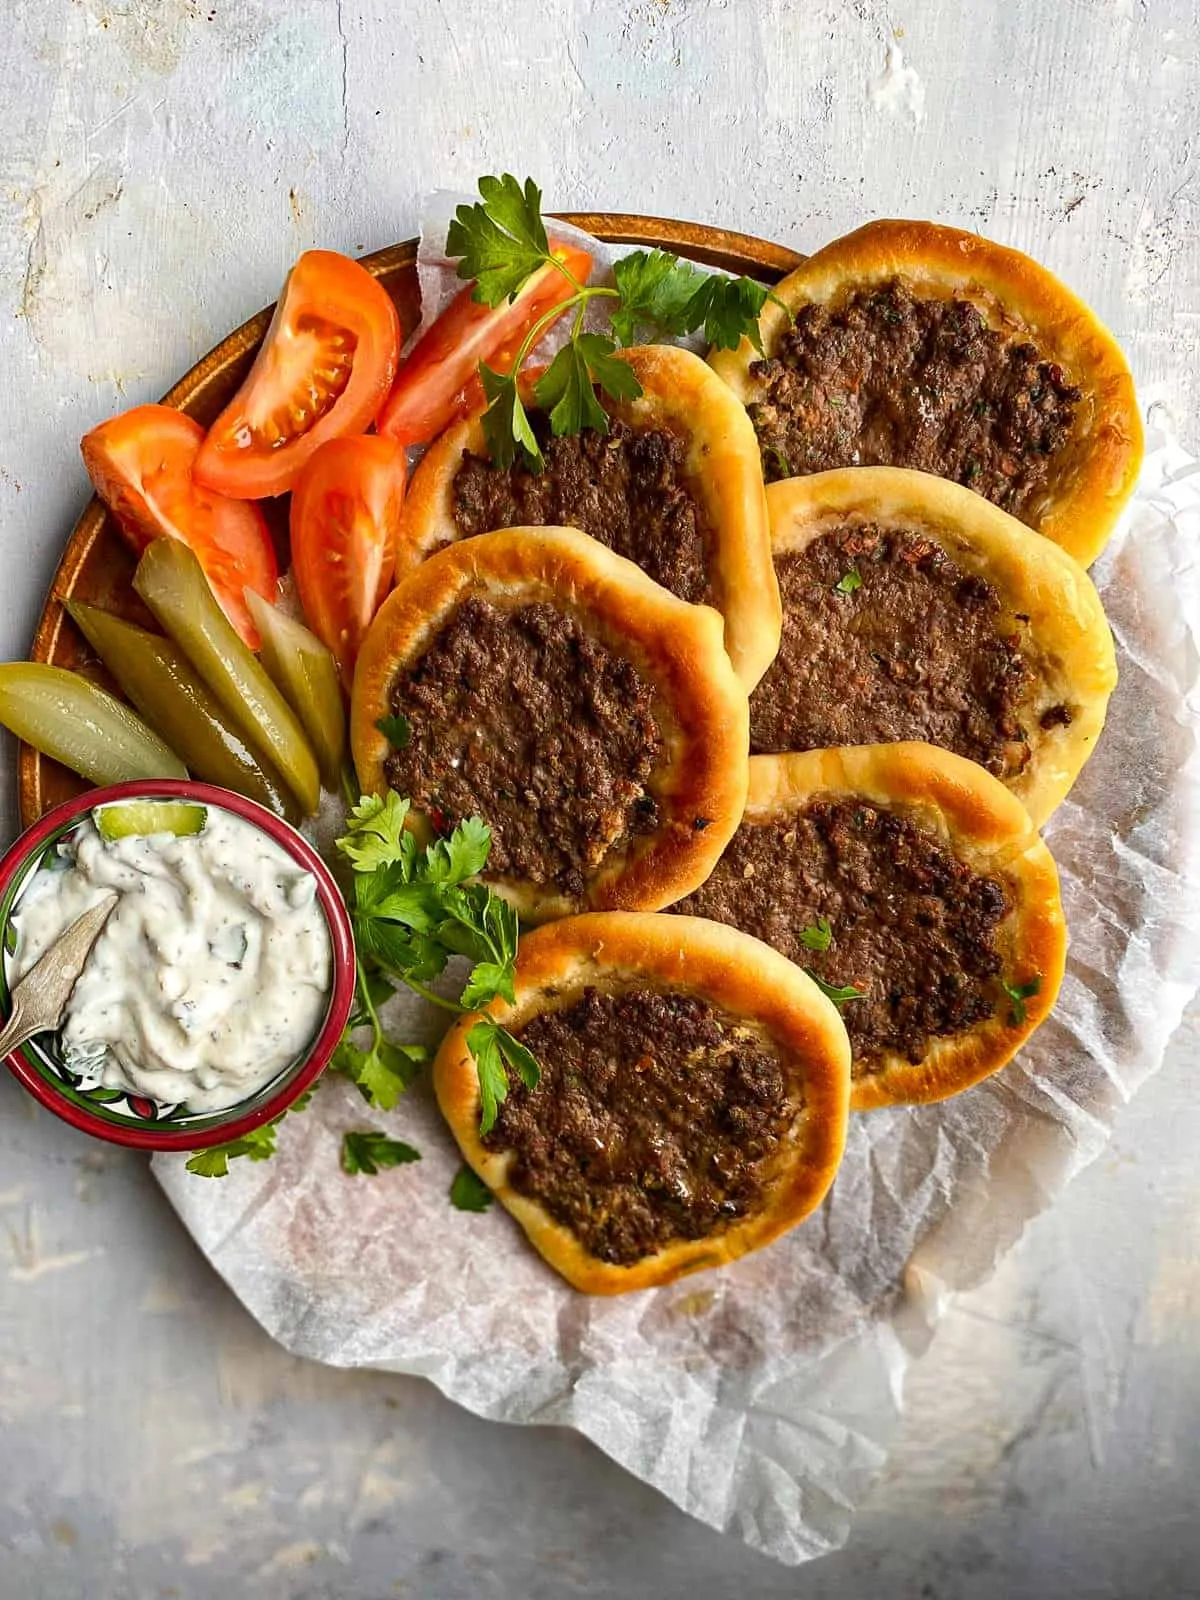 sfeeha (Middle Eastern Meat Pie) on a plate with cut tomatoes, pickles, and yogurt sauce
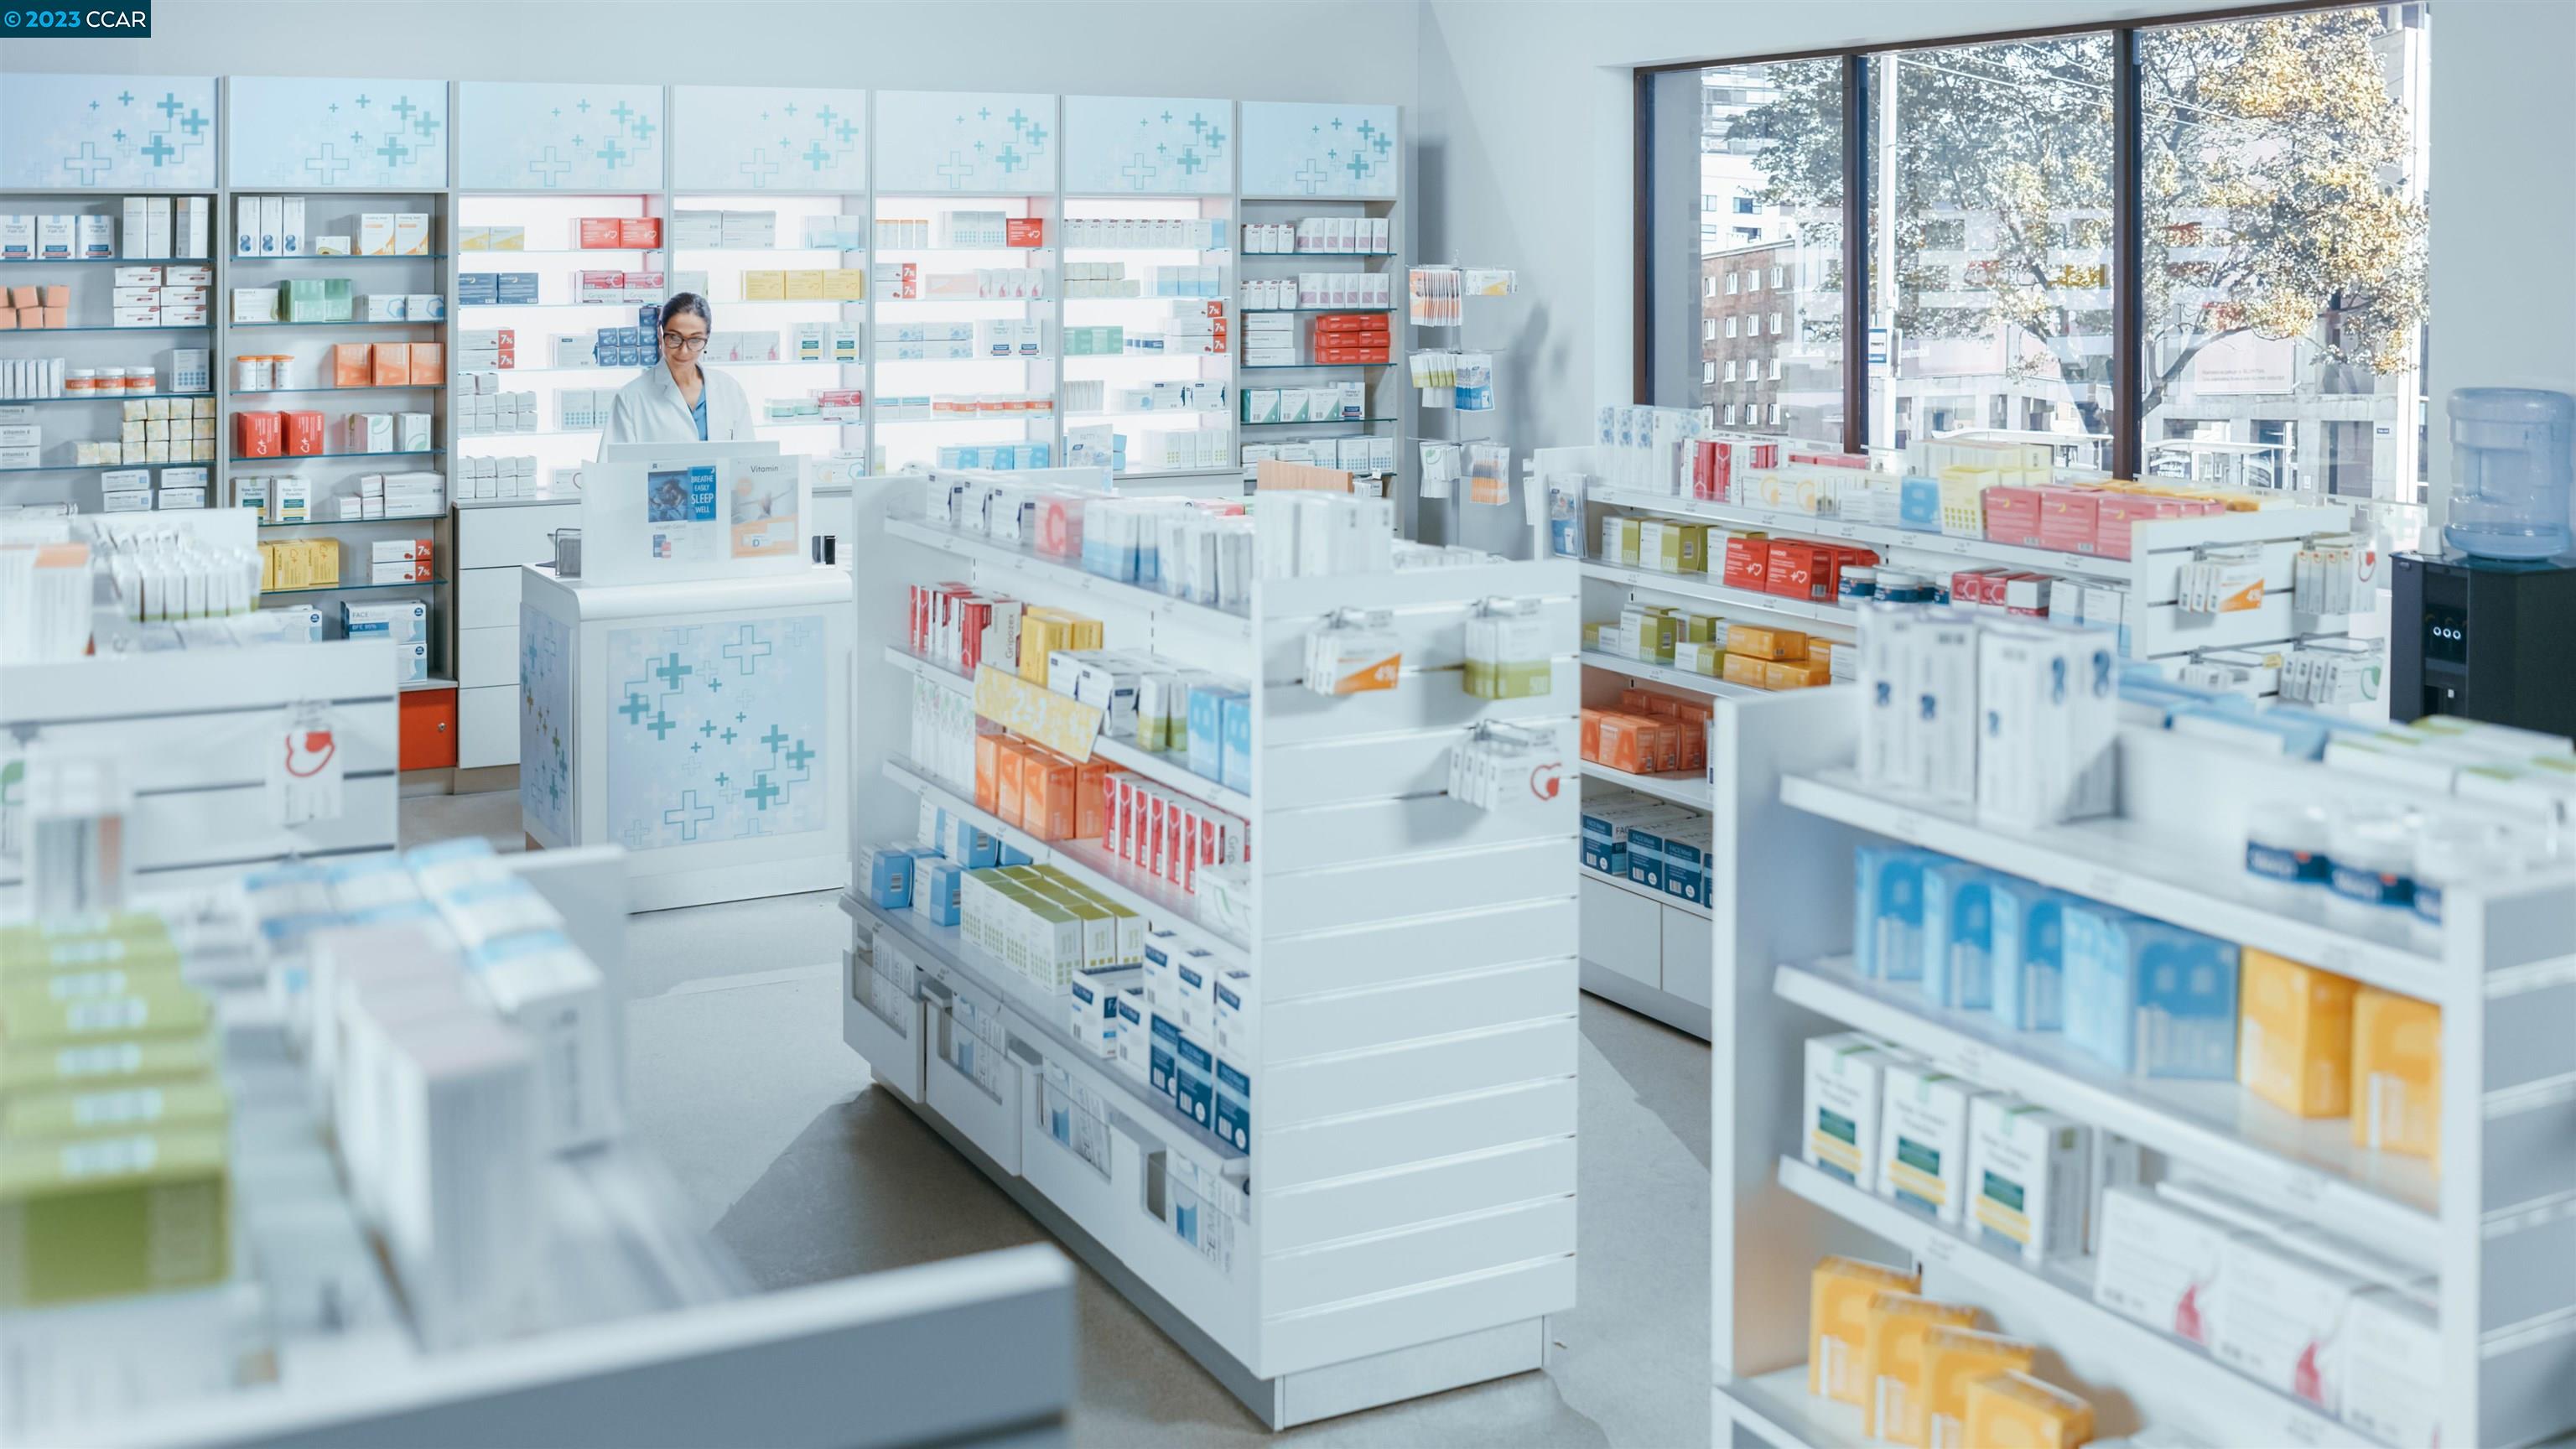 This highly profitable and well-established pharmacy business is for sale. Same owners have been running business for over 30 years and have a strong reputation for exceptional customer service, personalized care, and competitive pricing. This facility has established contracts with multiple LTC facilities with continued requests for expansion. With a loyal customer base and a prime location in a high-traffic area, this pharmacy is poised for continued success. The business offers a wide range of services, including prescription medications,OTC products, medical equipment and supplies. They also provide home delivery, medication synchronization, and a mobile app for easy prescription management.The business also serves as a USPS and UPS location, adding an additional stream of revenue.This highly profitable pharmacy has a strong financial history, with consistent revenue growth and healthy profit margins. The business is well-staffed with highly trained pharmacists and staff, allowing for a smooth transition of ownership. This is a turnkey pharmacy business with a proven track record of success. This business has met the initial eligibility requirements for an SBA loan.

--

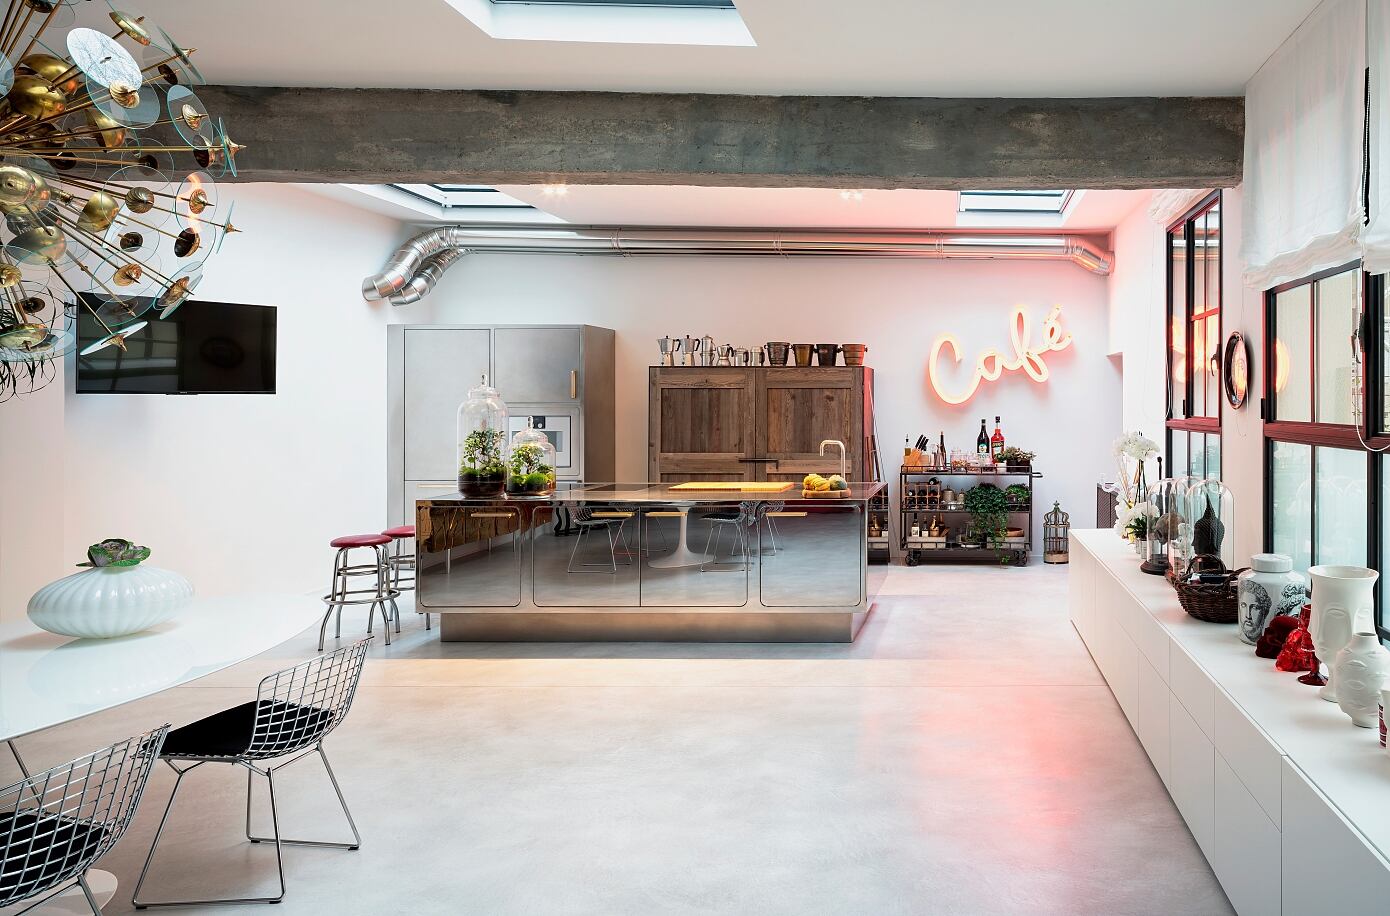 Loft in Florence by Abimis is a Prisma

**Task description**
Which part of the entries opens with the line containing "sfeeha (Middle Eastern" and closes with the line containing "This highly profitable and"? Output that part exactly, ends included, pictures excluded.

**Exercise result**
 sfeeha (Middle Eastern Meat Pie) on a plate with cut tomatoes, pickles, and yogurt sauce
 This highly profitable and well-established pharmacy business is for sale. Same owners have been running business for over 30 years and have a strong reputation for exceptional customer service, personalized care, and competitive pricing. This facility has established contracts with multiple LTC facilities with continued requests for expansion. With a loyal customer base and a prime location in a high-traffic area, this pharmacy is poised for continued success. The business offers a wide range of services, including prescription medications,OTC products, medical equipment and supplies. They also provide home delivery, medication synchronization, and a mobile app for easy prescription management.The business also serves as a USPS and UPS location, adding an additional stream of revenue.This highly profitable pharmacy has a strong financial history, with consistent revenue growth and healthy profit margins. The business is well-staffed with highly trained pharmacists and staff, allowing for a smooth transition of ownership. This is a turnkey pharmacy business with a proven track record of success. This business has met the initial eligibility requirements for an SBA loan.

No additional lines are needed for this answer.